Early Registration Ends May 31, 2018
If you need to make changes to your registration please send an email to Training@NJCEDV.ORG
Morning workshop times: 10:30 – 12 noon
State Central Registry (SCR) Workshop
Presenter: Thomas Farrell, MSW, Robyne Jiles, MSW and Nancy Carre-Lee, MSW
The Division of Child Protection & Permanency (DCP&P) is New Jersey’s child protection and child welfare agency within DCF and is responsible for investigating all allegations of abuse and neglect. The State Central Registry (SCR) is housed within DCP&P. In 2004, DCF created SCR a 24-hour centralized screening system that standardized the practice of processing calls of suspected incidents of abuse and neglect. This initiative has led to the consistency in screening practices as well as a highly structured decision-making process.

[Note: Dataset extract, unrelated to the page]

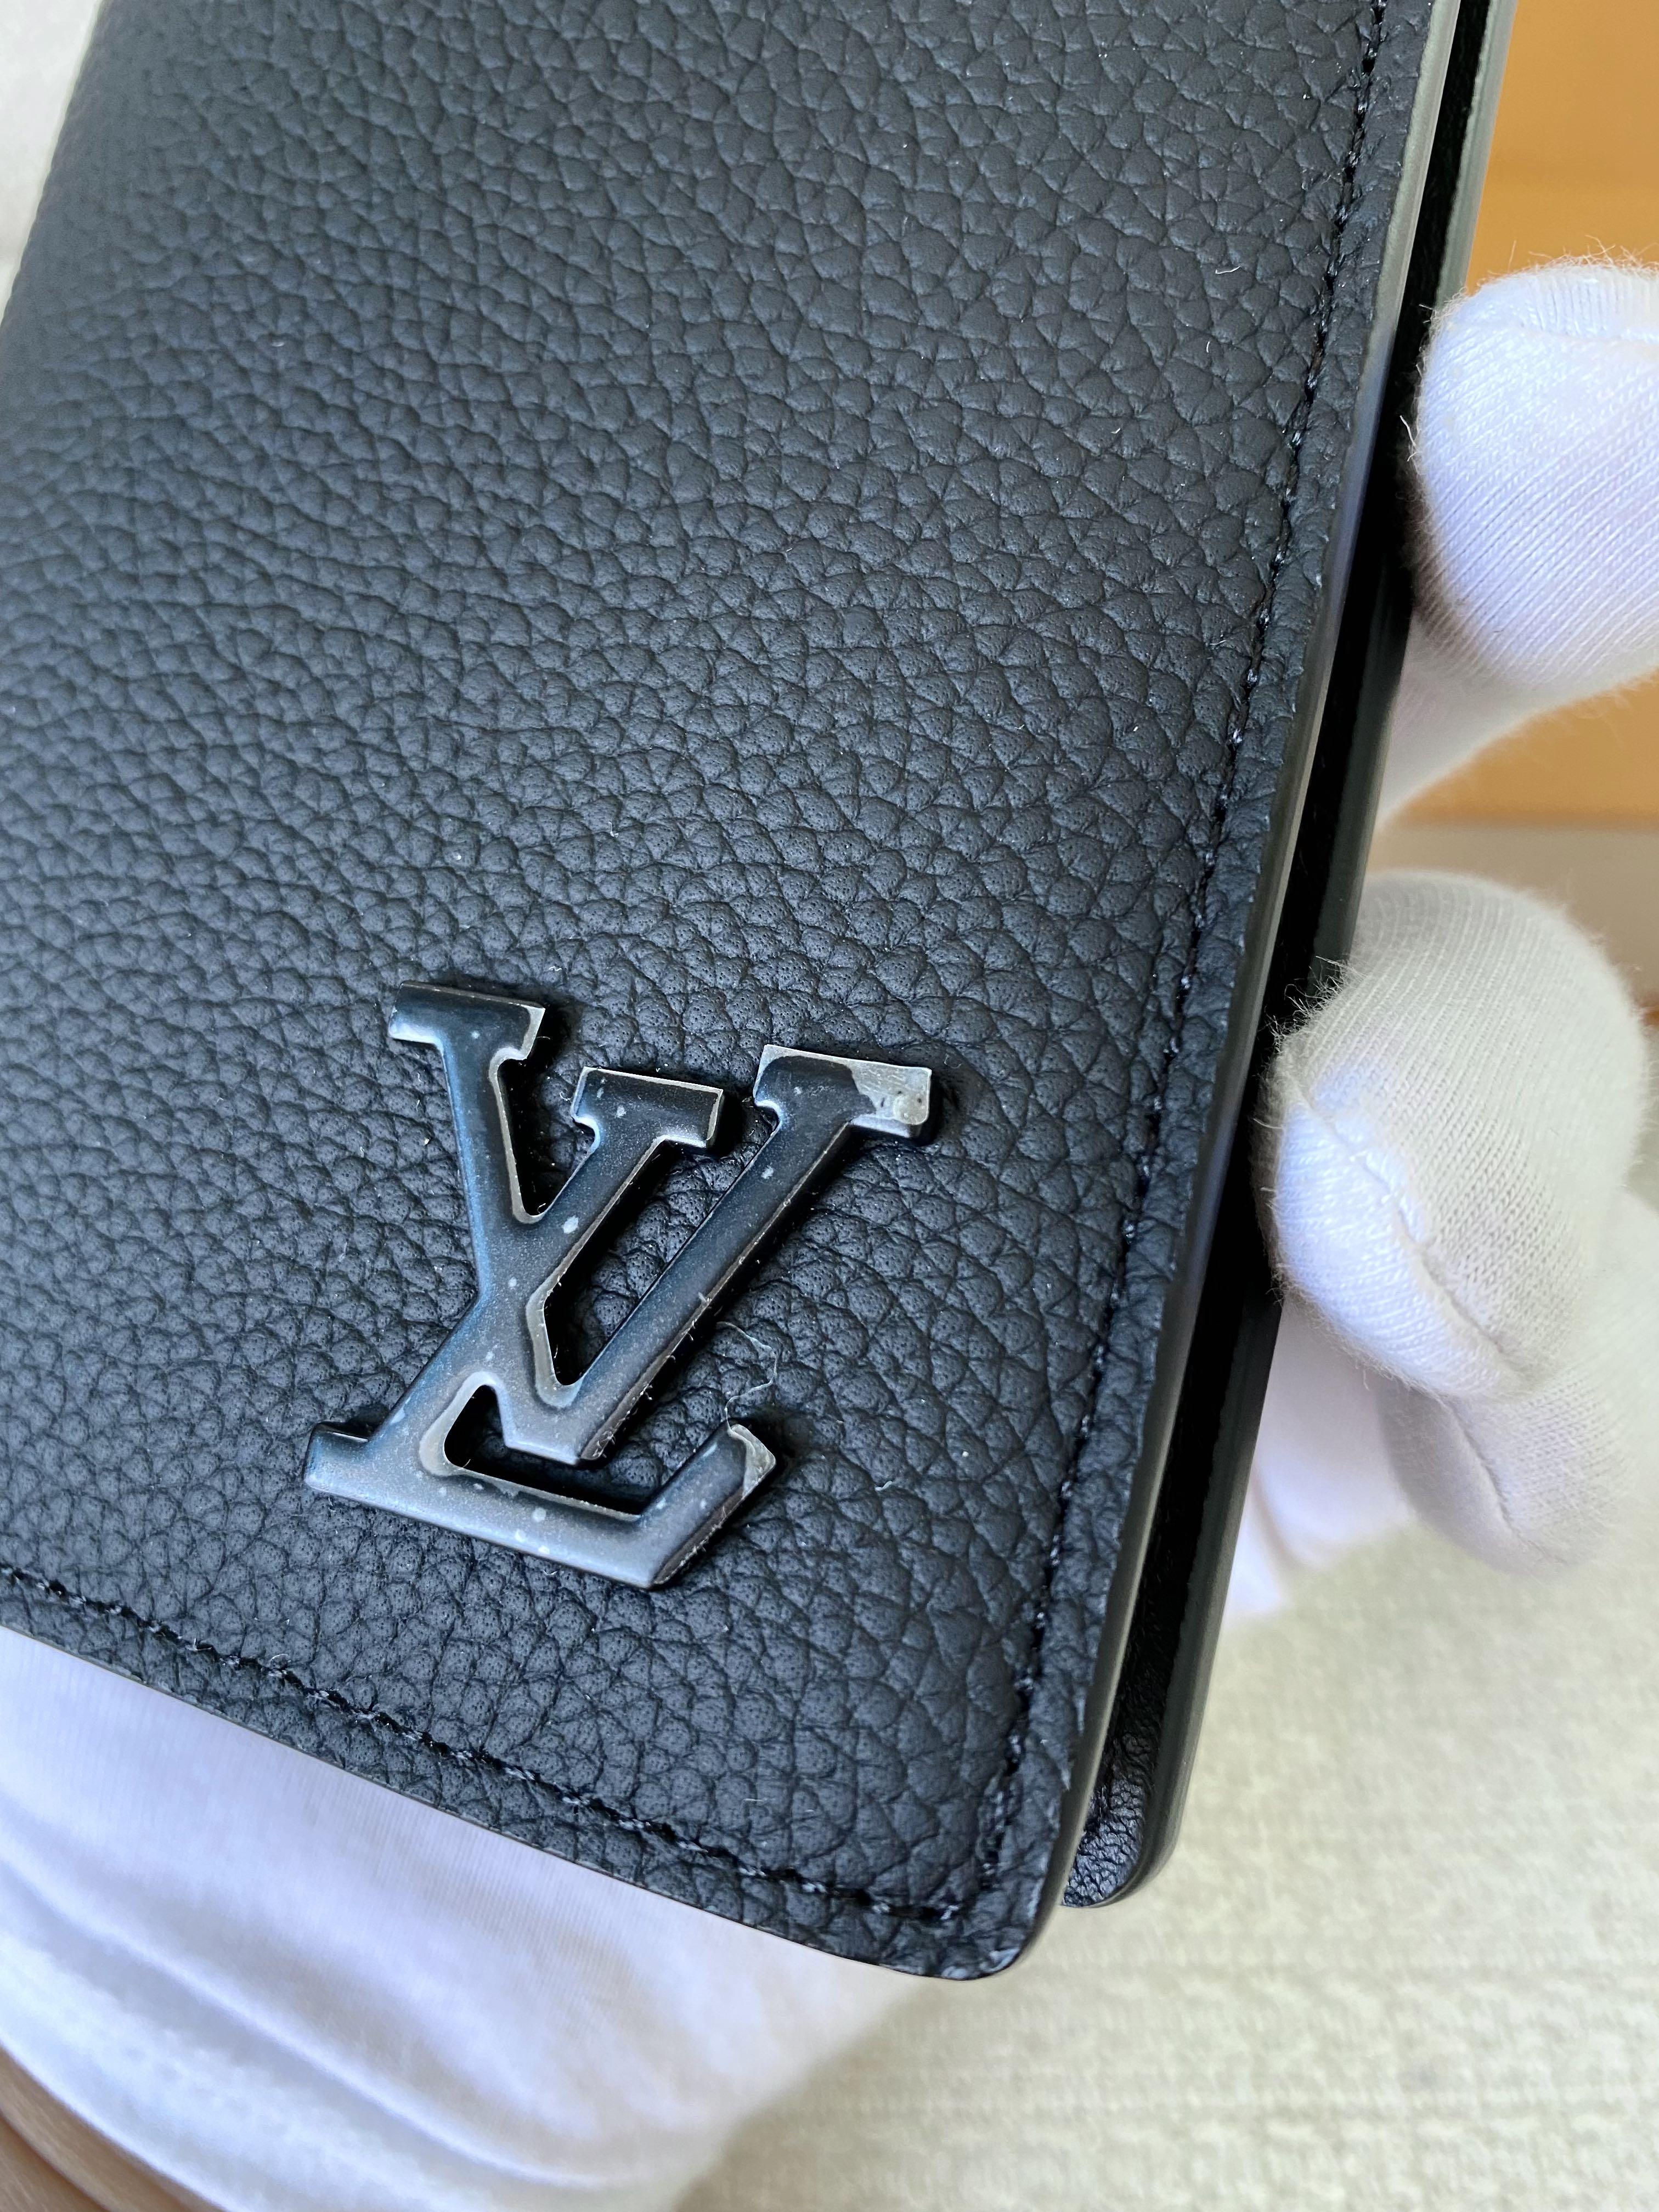 Louis Vuitton M30285 Brazza Wallet

This workshop will familiarize participants with the NJ Child Abuse Hotline referral process, and how its role fits within the DCF structure. The workshop will enhance participant’s knowledge and understanding of the role system partners have in reporting suspicions of child abuse and neglect, as well as participants obligations to report concerns of abuse or neglect. The workshop will provide an overview of the DCF engagement, investigatory and case-practice processes.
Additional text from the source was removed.